CFPB Halts Activity. Activity at the Consumer Financial Protection Bureau (CFPB) was effectively stopped this week while the Department of Government Efficiency reviews the agency’s internal operations. The CFPB, which “enforces Federal consumer financial law and ensures that markets for consumer financial products are transparent, fair, and competitive” stretched its reach over the last several years as part of former President Joe Biden’s “whole of government” approach to promoting unionization. For example, in 2023, the CFPB entered into an information sharing agreement with the NLRB “to address practices that harm workers in the ‘gig economy’ and other labor markets.” Pursuant to that agreement, the CFPB also focused on “employer-driven debt” that allegedly results from employee expenses related to “employer-mandated training or equipment.” Created by Congress in the Dodd-Frank Wall Street Reform and Consumer Protection Act of 2010, CFPB has long been criticized by Republicans.

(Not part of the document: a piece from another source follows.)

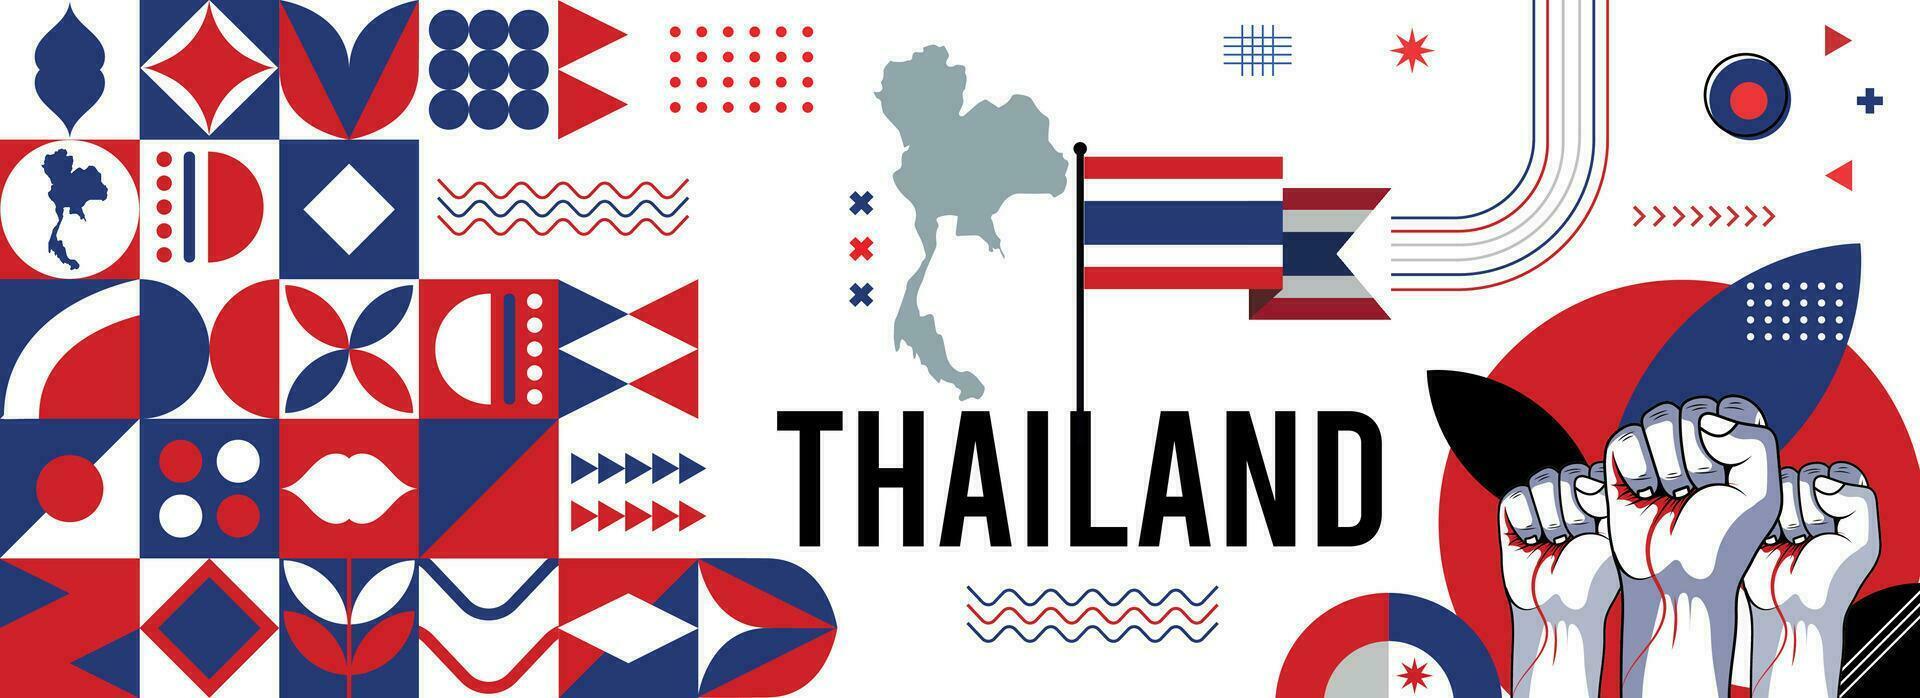 Thailand national day banner with abstract modern design. Flag and map of thailand with typography red blue color theme background vector

H-1B Registration Period Announced. U.S. Citizenship and Immigration Services has announced that the fiscal year 2026 H-1B cap registration period will open at noon ET on Friday, March 7, 2025, and close at noon ET on Monday, March 24, 2025. Nicole Fink and Philip K. Sholts have the details on the increased fees, the second go-round of the beneficiary-centric selection process, and other need-to-know aspects of the process.

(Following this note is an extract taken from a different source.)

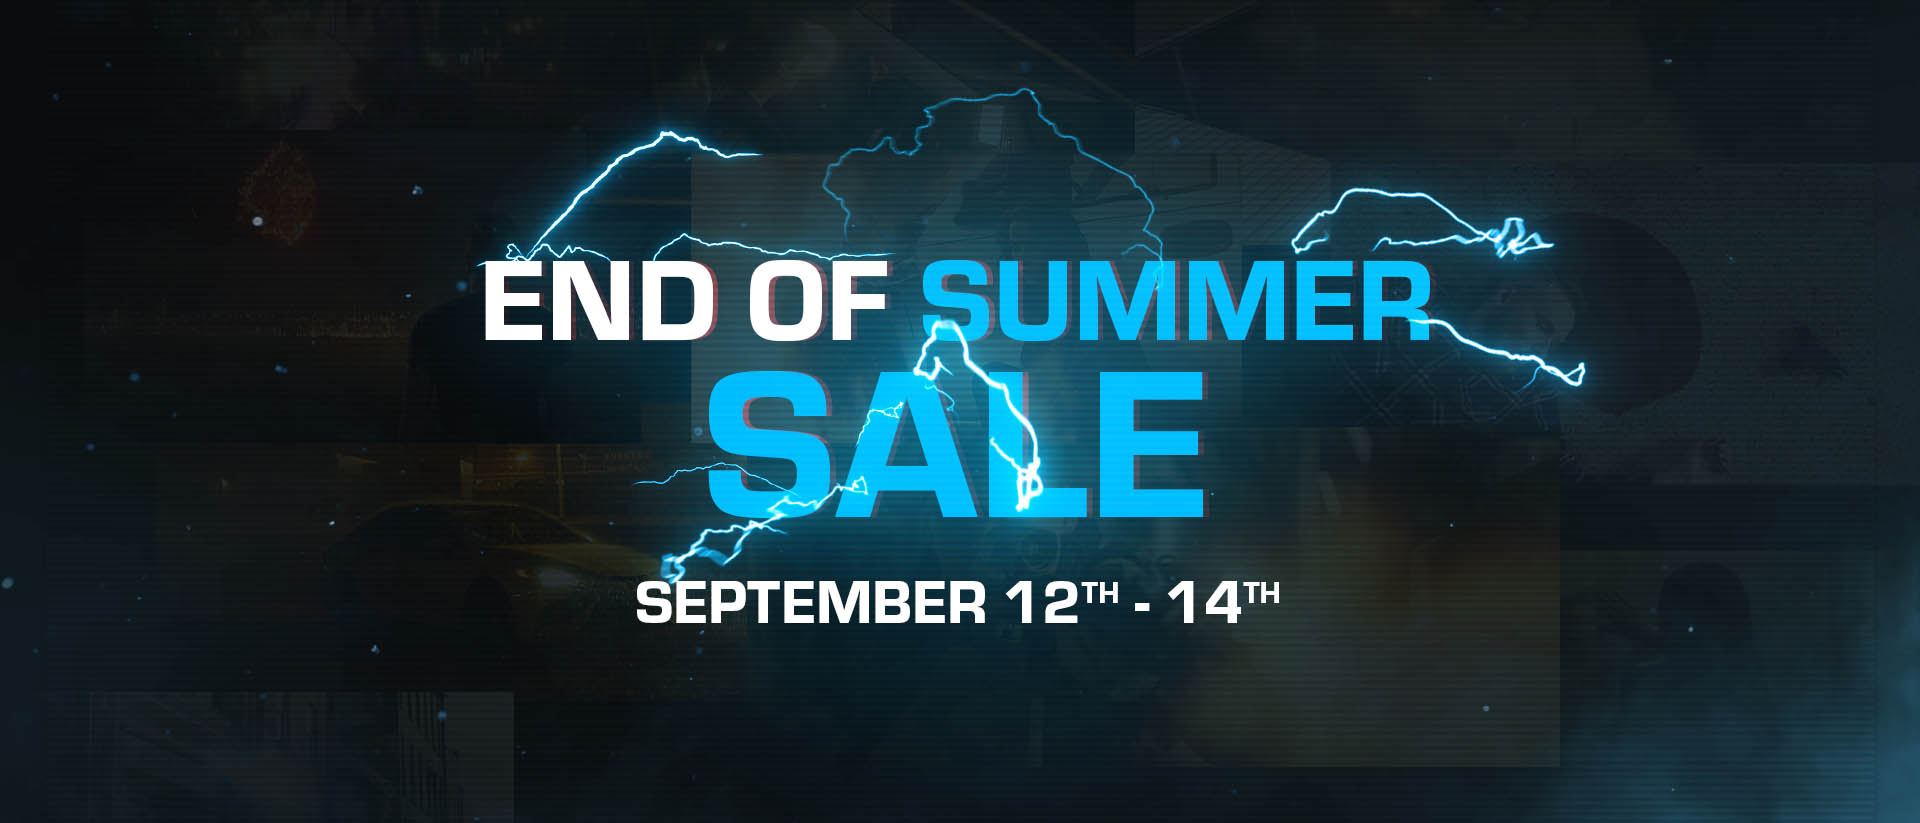 End of Summer Sale 2022 Sale Announcement | 25% Off Sitewide

Remembering Justice Scalia. Supreme Court of the United States Justice Antonin Scalia passed away this week in 2016 at the age of seventy-nine. While an incredible amount has been written about Justice Scalia and his legal philosophy, at the Buzz, we remember his jurisprudence related to labor and employment law. For example, Justice Scalia took part in decisions holding that union “salts” were employees under the National Labor Relations Act (NLRA) and that the NLRB was precluded by the Immigration Reform and Control Act of 1986 from awarding backpay to undocumented workers—even if their employment termination was otherwise unlawful under the NLRA. With the opportunity to write for the Court, Justice Scalia authored opinions emphasizing the need for sufficient commonality between potential members of a class action, particularly in employment law cases, as well as an opinion holding that the Federal Arbitration Act preempted state laws prohibiting class action waivers in arbitration. Finally, in Oncale v. Sundowner Offshore Services, Inc., Justice Scalia wrote that Title VII of the Civil Rights Act of 1964’s prohibition of discrimination “because of … sex” applied to same-sex sexual harassment claims.